-- Data shown follows --

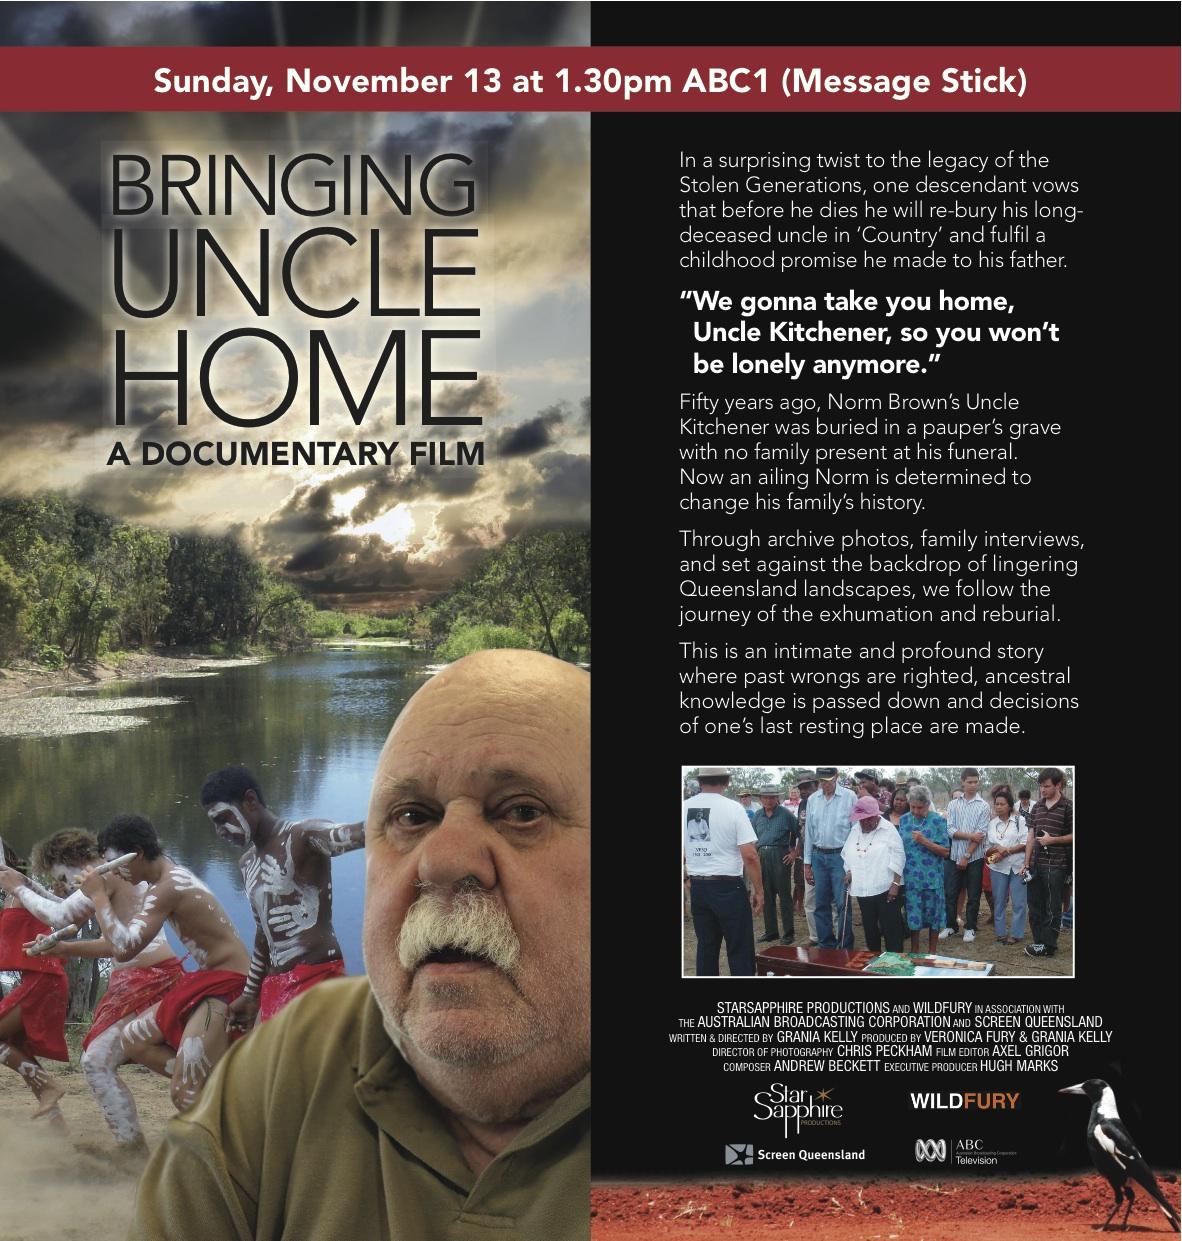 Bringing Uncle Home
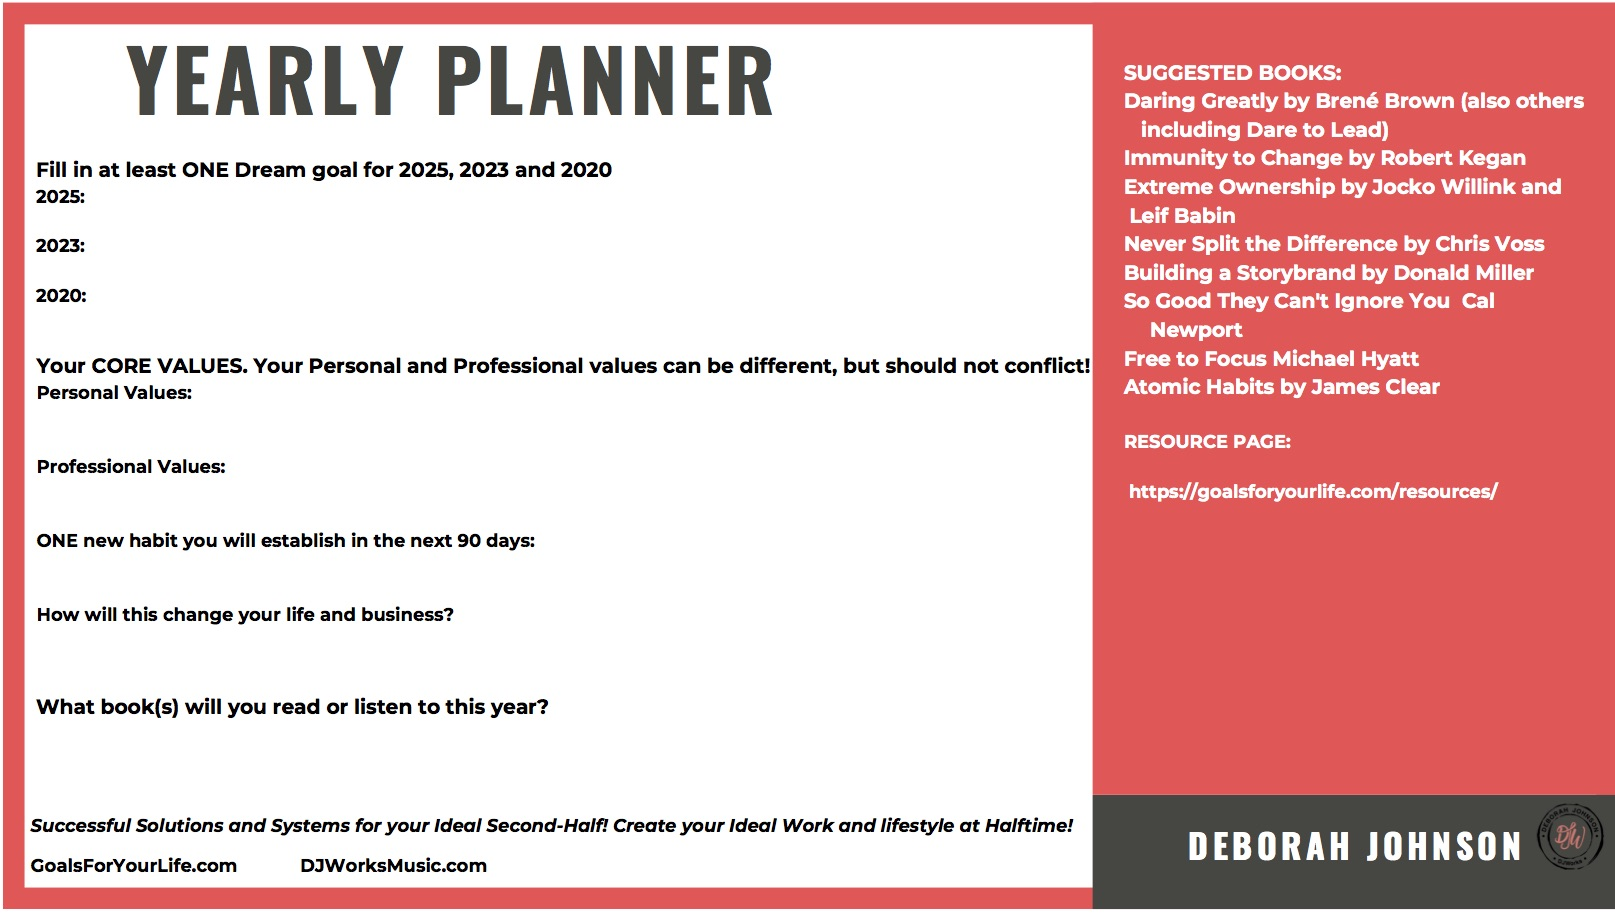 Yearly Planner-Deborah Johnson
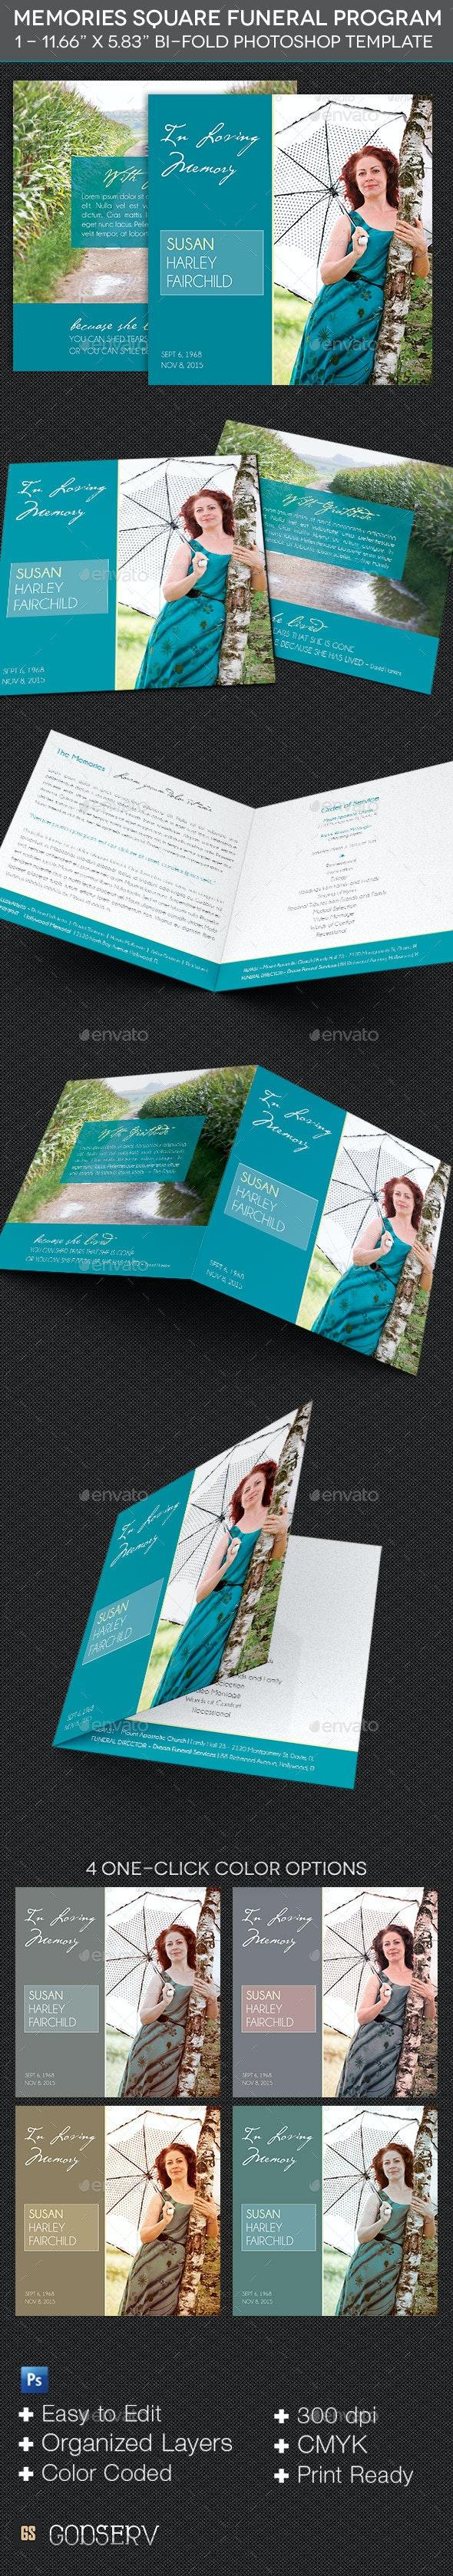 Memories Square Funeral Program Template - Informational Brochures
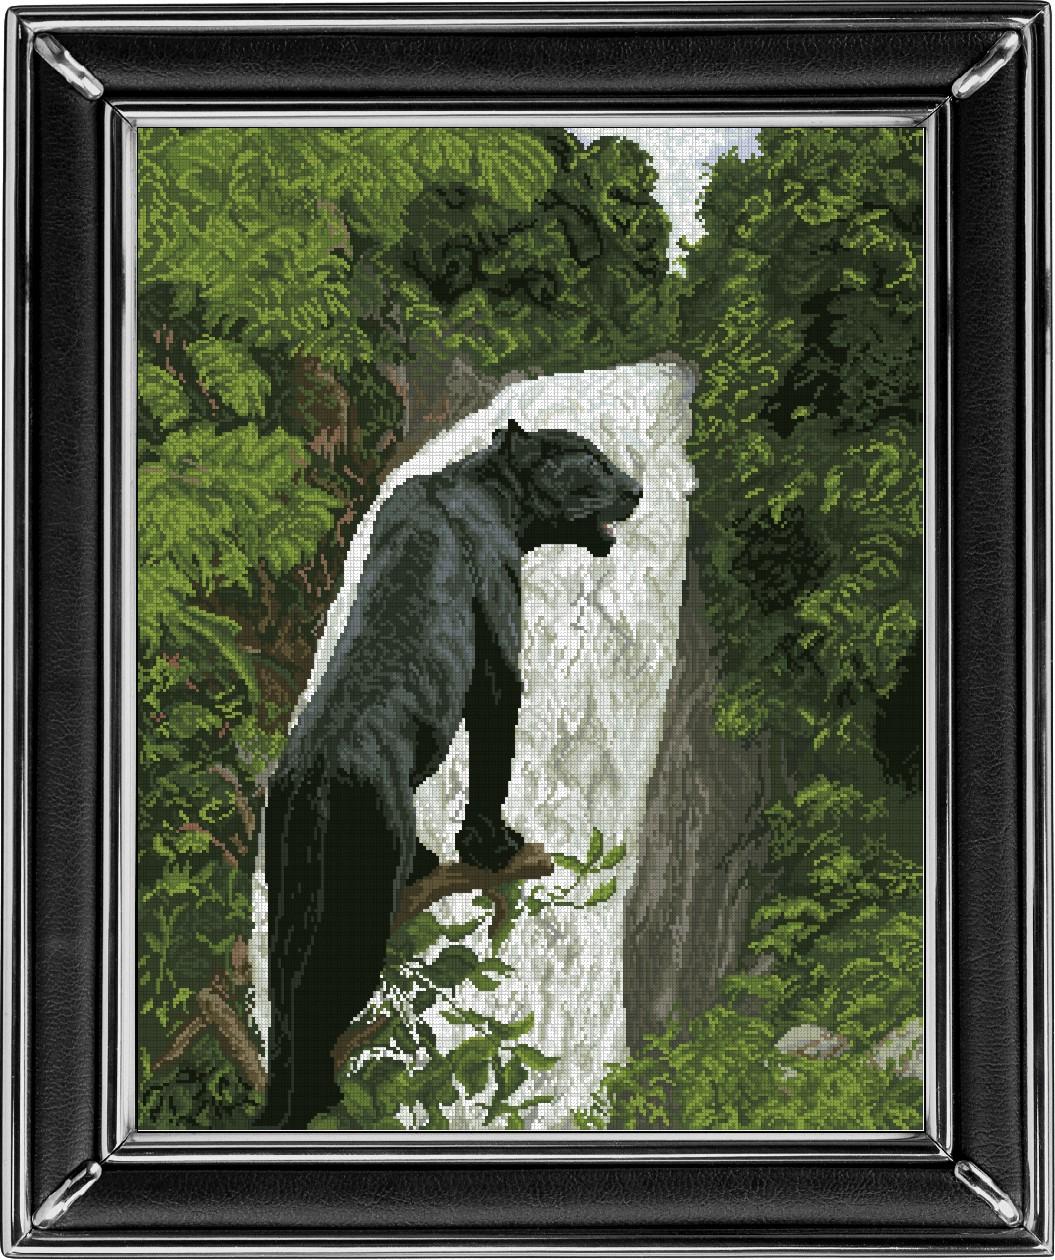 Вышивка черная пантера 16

-- Data shown concluded --

> _Task requirements_: Give back the material above word for word; no picture belongs in it.

> _Answer for this exercise_:
 Bringing Uncle Home
 Yearly Planner-Deborah Johnson
 Memories Square Funeral Program Template - Informational Brochures
 Вышивка черная пантера 16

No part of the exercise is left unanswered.